Does anyone else think Boudreaux needs his own country cooking show? Like, badly. Salsano seems to agree, for one. "Lyle is a great cook!" she confirms. "He always makes extra so the crew gets to eat some, too, and they all love it."
As Daddy and the boys are down by the pool relaxing, Hott Dogg comes out on the balcony to ask Daddy for one more last-minute bang sesh. Could this girl get any more thoughtful?
Daddy decides to spice things up in the bedroom by making love to a wiener, um, as a wiener. "I have never done a hotdog before," she explains of Daddy wearing her hotdog costume. "This is going to be a first for me."
Boy, that'll be fun to explain to the kids one day.
On their last morning in Biloxi, Murray fixes everyone a big-ol' Southern breakfast that would make any mama proud. Then, everyone grieves the end of vacation in their own way.
Daddy forlornly packs up his bazillion bongs. Hott Dogg cries because, well, she's a bit of a crier. Lyle vows to fart all over the house during their last few hours in it.

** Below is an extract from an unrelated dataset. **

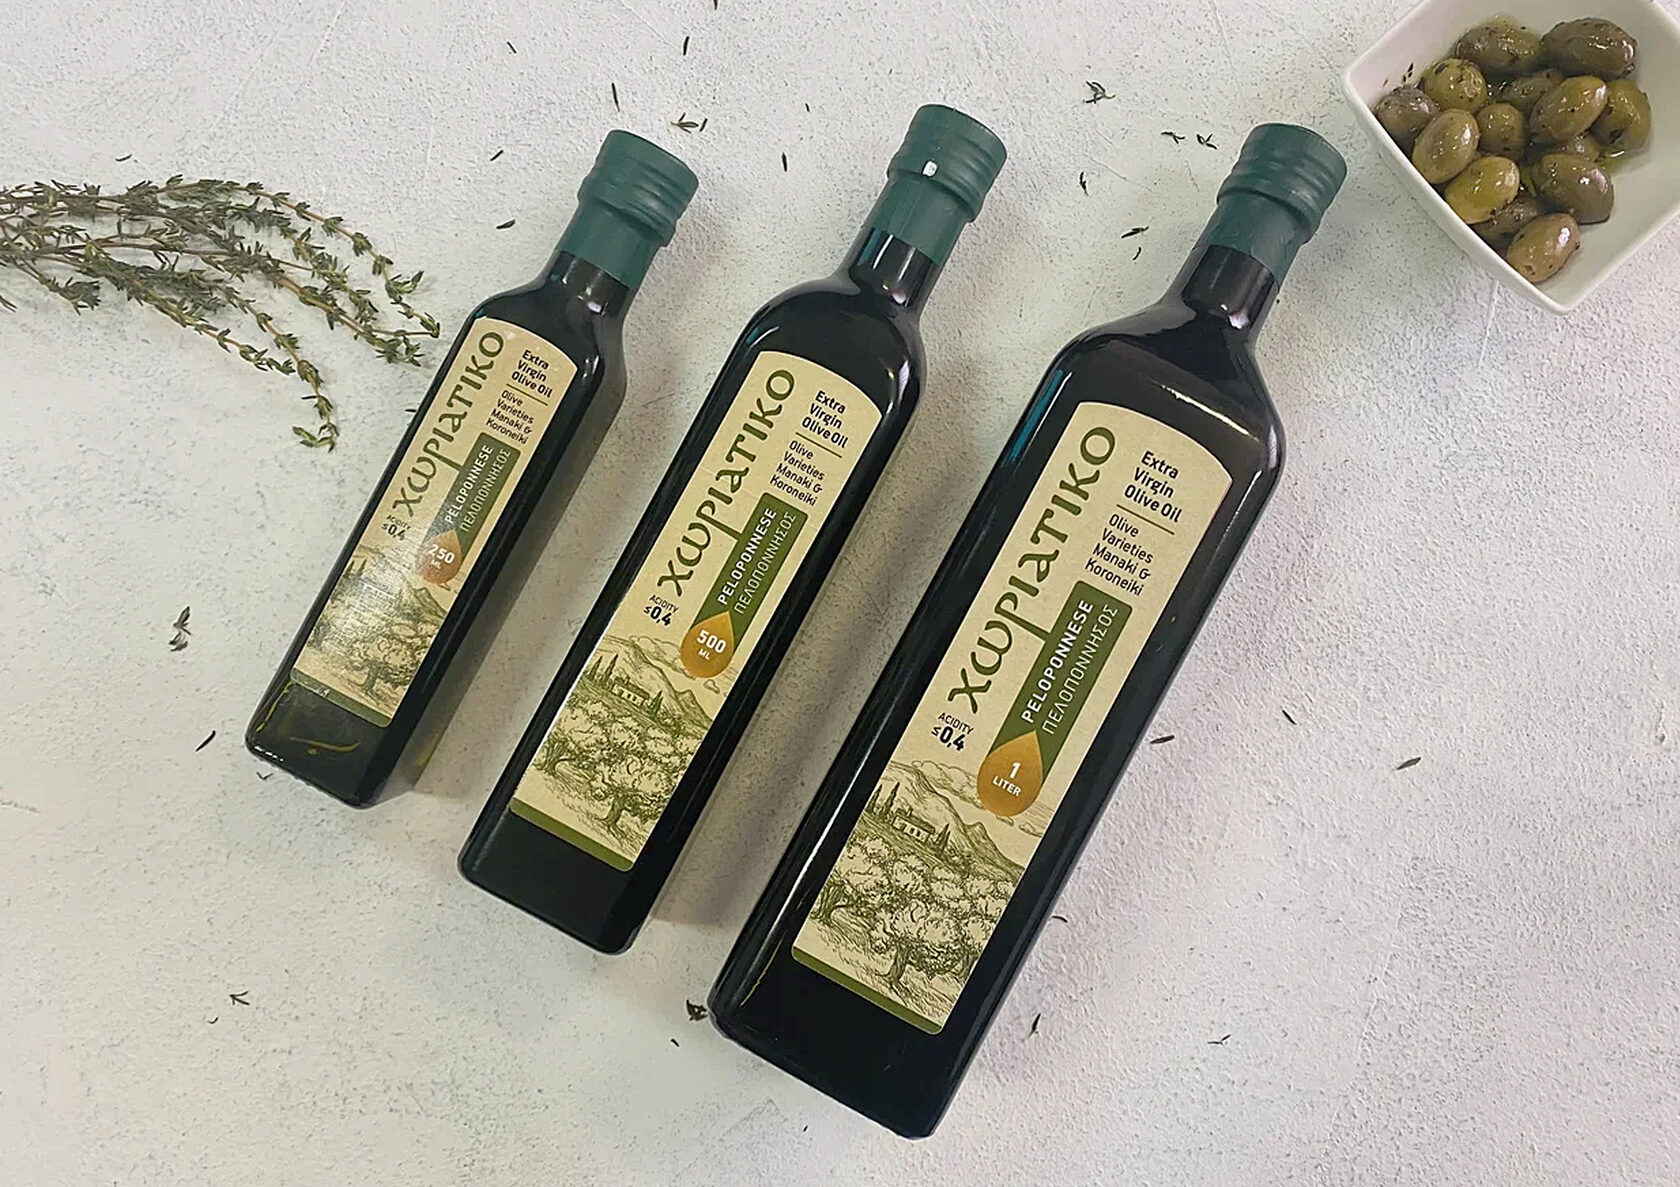 Оливковое масло нерафинированное первый холодный отжим

One by one, they all leave — in agreement that this summer was far superior to the last. And that, despite all the drama, you know what? Hott Dogg and Daddy actually do make one cute couple.

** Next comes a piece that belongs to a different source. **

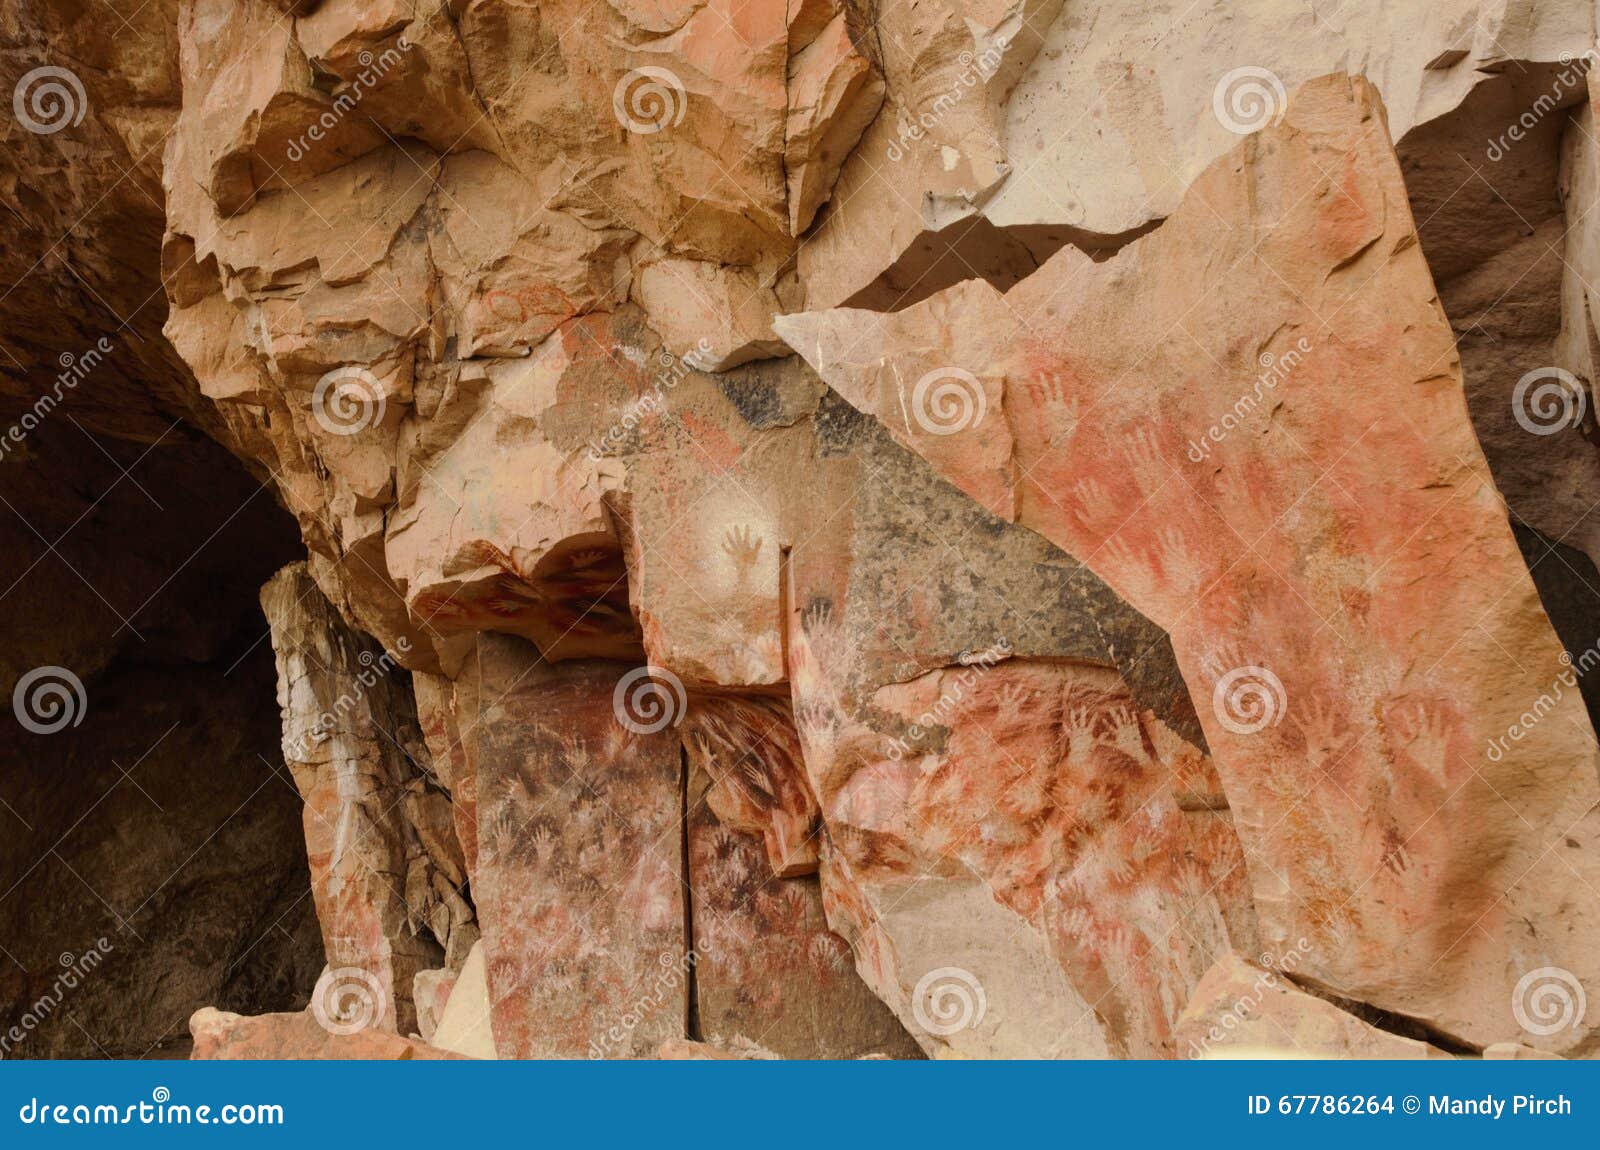 World heritage site Cueva de las manos close to the village Perito Moreno.

And, wouldn't you know, this season of Party Down South's star-crossed lovers are the last two to leave.
As Hott Dogg laments the fact that she won't see Daddy or hear his voice every day, Daddy admits that maybe there is something real between them after all.

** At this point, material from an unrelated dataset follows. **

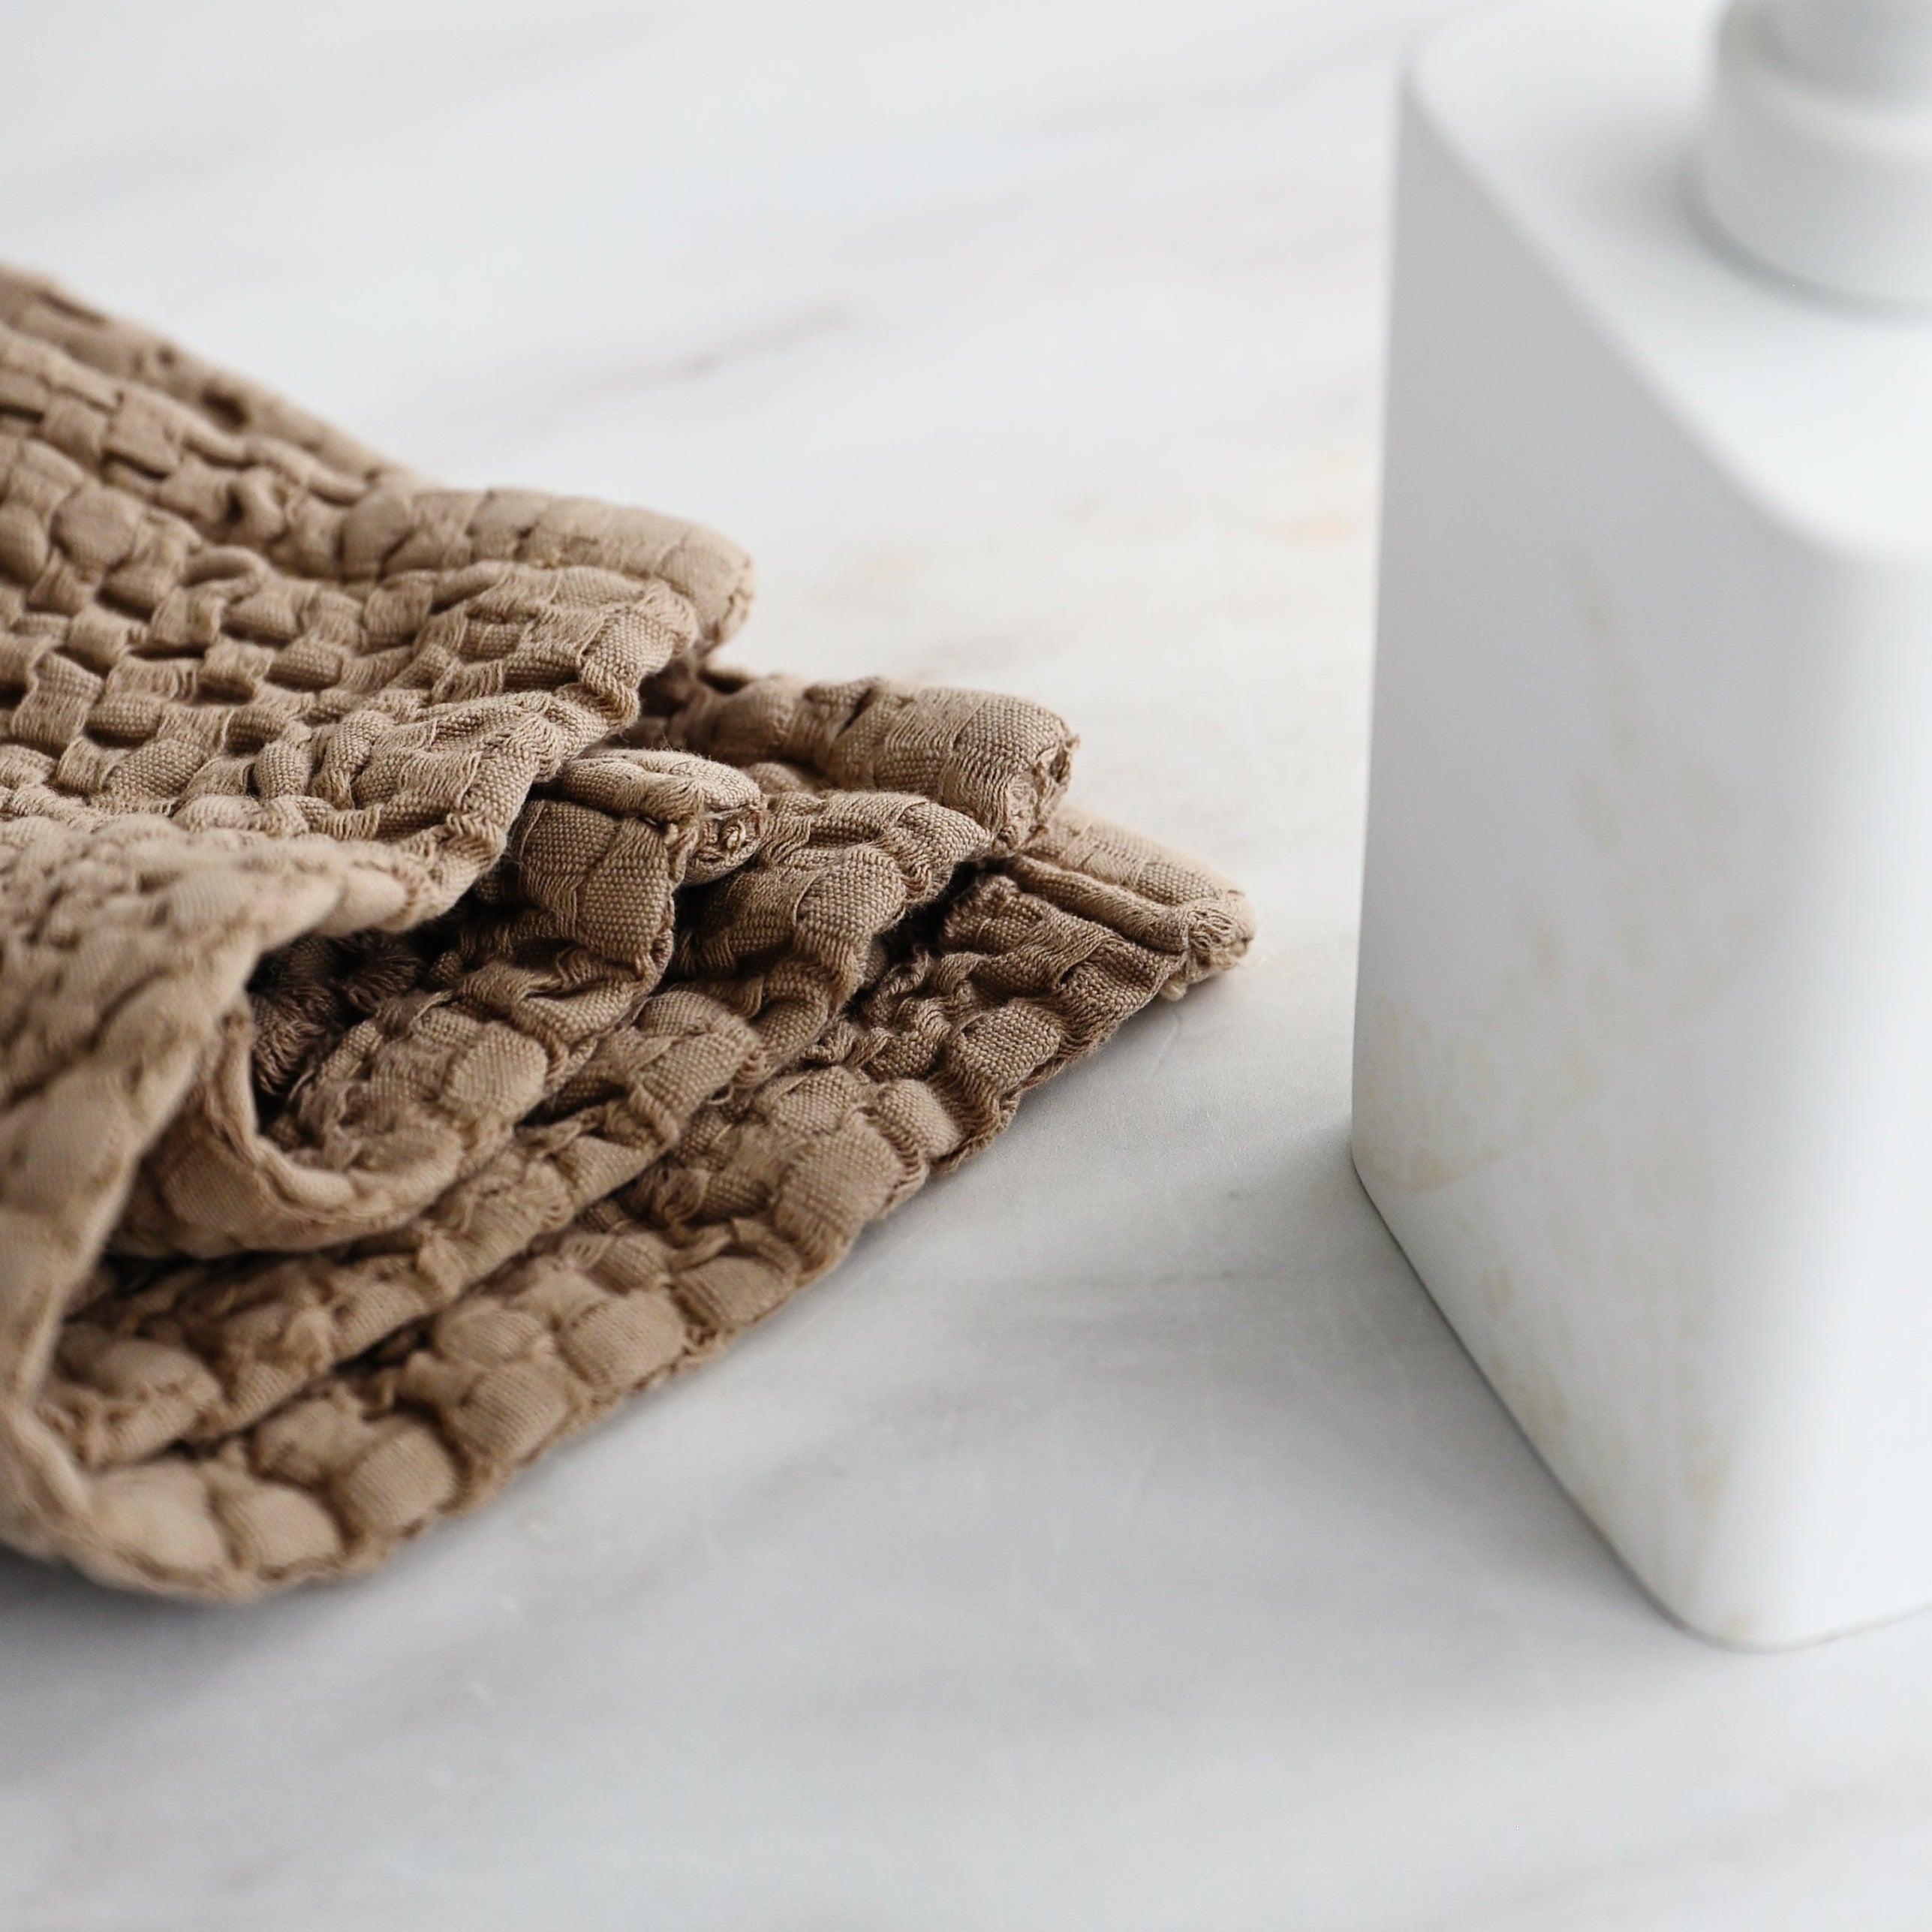 Heveya Vegan Cotton Face Towel

"Hott Dogg saved me from going out, getting drunk and bringing home a girl that looked like the Predator," he says. "I think she's a really cool chick, a sweet girl and this has been a home run for her and me."
Say it with me, y'all: "Awwww!" Could next season of Party Down South include a wedding? One (and by one, I totally mean me) can only hope.
Teases Salsano, "Everyone loves Hott Dogg and Daddy; they're the Southern power couple. Are they still together? You'll have to watch and find out..."
But, regardless of Hott Dogg and Daddy's romantic fate, our favorite posse of party-all-nighters will be back before we know it, assures Salsano.
"This is definitely not the end for these guys. Don't worry. There will be more funneling, more pretzeling and more partying still to come!"